Ryan Blaney’s victory Sunday night at Iowa Speedway accomplished more than getting the No. 12 team back to victory lane.
It checked a box the reigning series champions have prioritized this season. Jonathan Hassler, Blaney’s crew chief, was quick to acknowledge this after the checkered flag in the Iowa Corn 350.
“Hey, we talked about being a team of the summer,” Hassler said. “We did it.”
[lawrence-auto-related count=3 category=1428]
Per the calendar, the summer doesn’t officially start until June 20. Blaney’s victory was June 16. But in NASCAR, the summer stretch has always seemed to begin after Memorial Day weekend when the sport’s longest race, the Coca-Cola 600, goes into the books.
Regardless of whether summer begins at the beginning or the end of June, it’s not a stretch Blaney and his team have enjoyed. Last year, Blaney had four top-10 finishes (three were ninth-place results) in the 12 races following the Coca-Cola 600 through the end of the regular season. In six of those races, Blaney finished 22nd or worse.
“If you look back to last year, we won the Coke 600, had a decent run at Gateway (St. Louis) and then I think we had a month, month and a half of struggling to find our way,” Hassler explained. “It wasn’t until early in the middle of the first round of the playoffs, somewhere in there that we really got things rolling again, and we wanted to be better earlier in the year. We wanted to improve our road course program. If you look at last week at Sonoma, we’ve done that.
“That’s a big part of the summer. So, yeah, I’m excited with where we’re at (now).”
Blaney jumped from 12th in the championship standings to seventh with his victory at Iowa. He’s led 222 laps in the last three races (which began the week after the Coca-Cola 600). It puts him well above how he netted out in those 12 summer races last year when he led a combined 112 laps.
“We didn’t have a great summer last year,” Blaney said. “After Gateway last year, we had like two months of just not running good at all. No pace. Not finishing races. I had to hear stuff from you all, all summer that we sucked. And we did. We just weren’t very good, and we were trying some stuff, but we fixed that.
“We talked about that during the off-season of, ‘Hey, let’s focus on these summer months. Let’s not go through that little dip like we did last year. Just utilize the summer months a little better than what we did.’ That was cool that we were able to achieve that because we worked really hard on that; tried to be better at this point of the year, at a better time than last year. So, hopefully that continues.”

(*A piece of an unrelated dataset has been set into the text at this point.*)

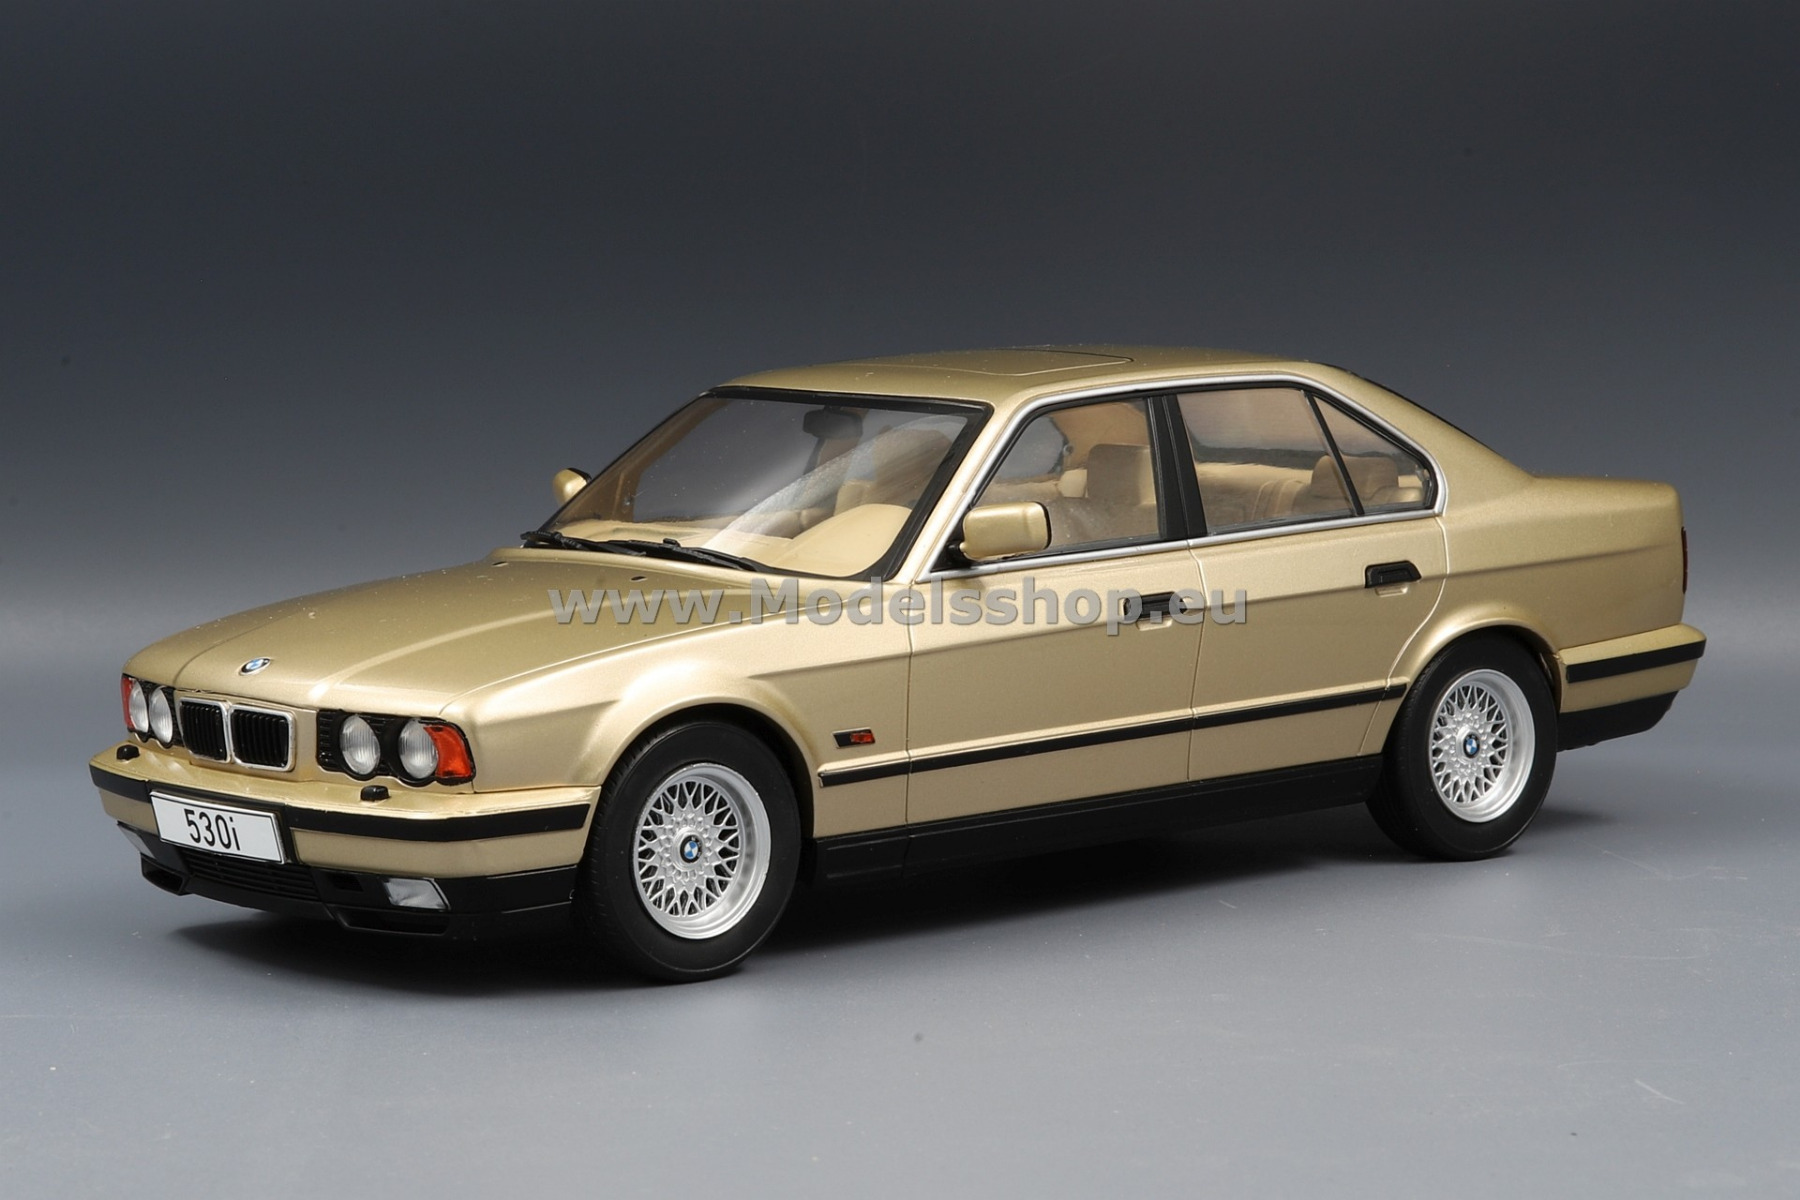 BMW 5-series (E34), 1992 / beige-metallic/

The victory at Iowa was a long time coming. Blaney carried the Ford banner early in the season, even leading the point standings in March. But the speed and consistency his team had stopped short for one reason or another of being good enough to win.
Ironically, the week after Blaney crashed out of the Coca-Cola 600, it was St. Louis where it looked like it was finally going to come together. Blaney was leading to the white flag when he ran out of fuel.
Sonoma Raceway (a seventh-place finish) and Iowa (the win) are the first back-to-back top-10 finishes Blaney has had since March. And after the rough way May ended, Blaney admitted the push through the summer again came up in conversation.
“Yeah, it came up when we had a few bad races in a row, got wrecked out, stuff like that,” he said. “But it was mainly talks with our group, our whole team, about looking forward to being a summer team. Every off-season, you try to fix things: what did we not do well in the prior year? That was one of them that we had a bad summer and let’s try to fix that.
“How do we do that? How do we learn quicker to be more competitive through the summer months? So, it’s nice when you set goals like that as a team and then achieve them. That part is good.”